Based on the results of several runs, which included positive and negative controls and non-target DNA, the threshold level for reliable M. artiellia detection was established as equal to 20 cycles (~7 min) with a baseline of 250,000 (∆Rn) fluorescence (Fig. 3). Samples that produced an exponential amplification curve above the threshold were considered positive for M. artiellia and below the threshold were considered negative. Detection of M. artiellia was confirmed with all samples containing DNA and extracts of this species (Fig. 3A). The assay with species-specific primers and probe was tested for specificity using DNA of thirteen root-knot nematode species (Table 1). The RPA results using real-time fluorescent detection showed high specificity to the target species only and no positive reactions were observed with other root-knot nematode species (Fig. 3A).

Figure 3.

The sensitivity assay evaluated the specimen number detection limit for a crude nematode extract from J2. Two-fold serial dilutions of crude nematode extract prepared with a range between 1 and 0.125 J2 specimen per reaction tube were used for this assay. The reliable detection level of M. artiellia was estimated at 0.125 J2 per RPA reaction tube (Fig. 3B).

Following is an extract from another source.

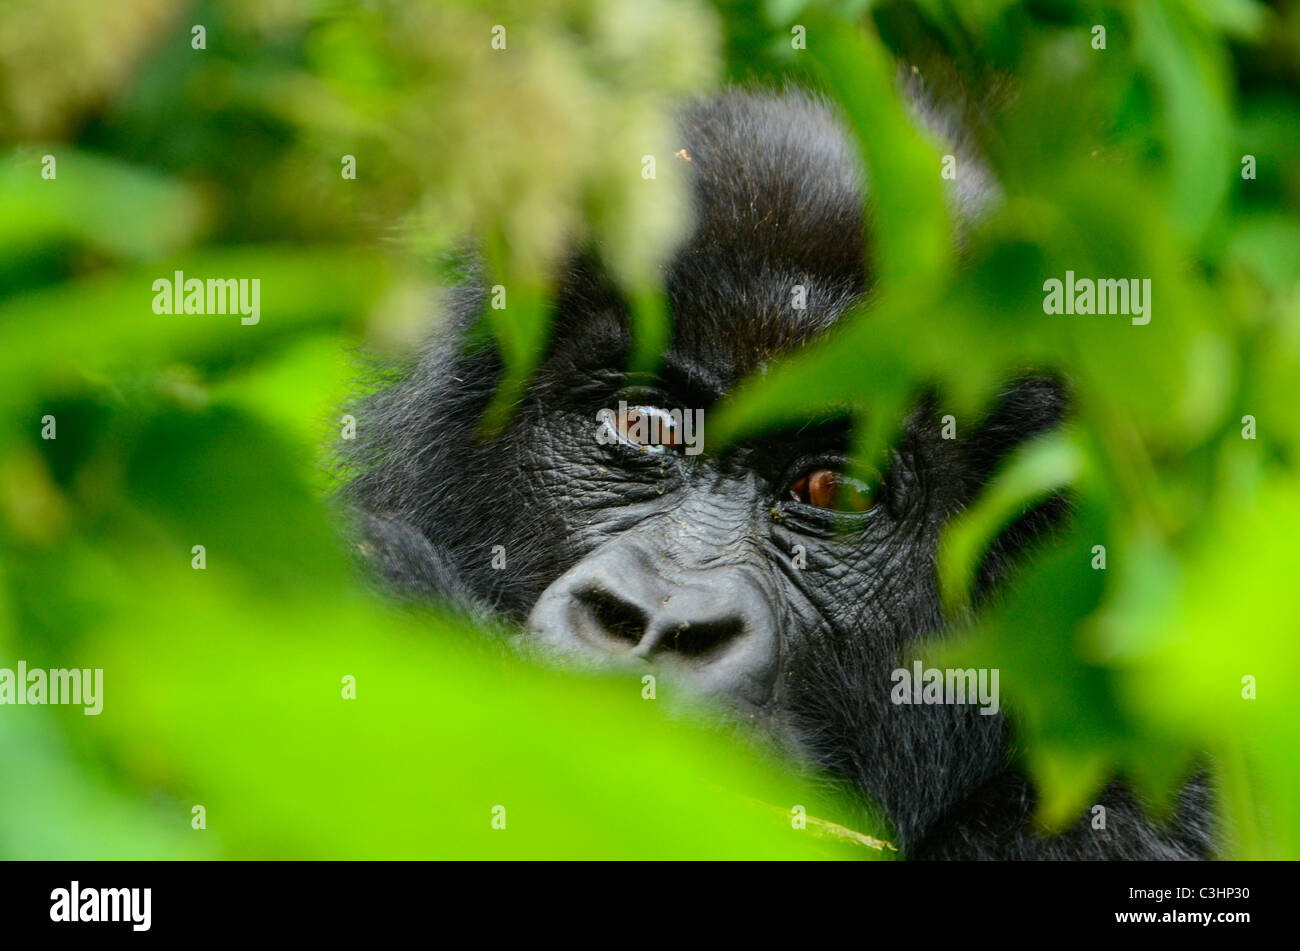 Gorilla trekking am Buhimo im Virunga Nationalpark, demokratische Republik Kongo. Verlässt der junge starrte durch gorilla Stockfoto

The RPA assay was tested for specificity using DNA extracted from four populations of Meloidogyne artiellia and 19 isolates of the other 13 species of root-knot nematodes (Table 1). The RPA results showed high specificity to M. artiellia only and no positive reactions were observed against any other root-knot nematodes. Positive test lines on the LF strips were observed for all M. artiellia samples, whereas samples with other nematode species showed only a control line (Figs. 4A, 5).

Figure 4.

Figure 5.

Two-fold serial dilutions of crude nematode extract prepared with a range between 1 and 0.03 J2 specimen per reaction tube were used for the sensitivity assay. The reliable detection level of M. artiellia was estimated as 0.5 J2 specimen per reaction tube (Fig. 4B), although weak test bands were also visible in some replicates at lower dilutions.

The RPA assays were tested for their ability to detect extracts from females fixed in ethanol, kept at a dried condition, and attached to roots. Strong amplification (Fig. 3B) and positive test lines on the LF strips (Fig. 5) were observed for all extracts of females (1/20 of female per reaction tube) and roots infected by this nematode.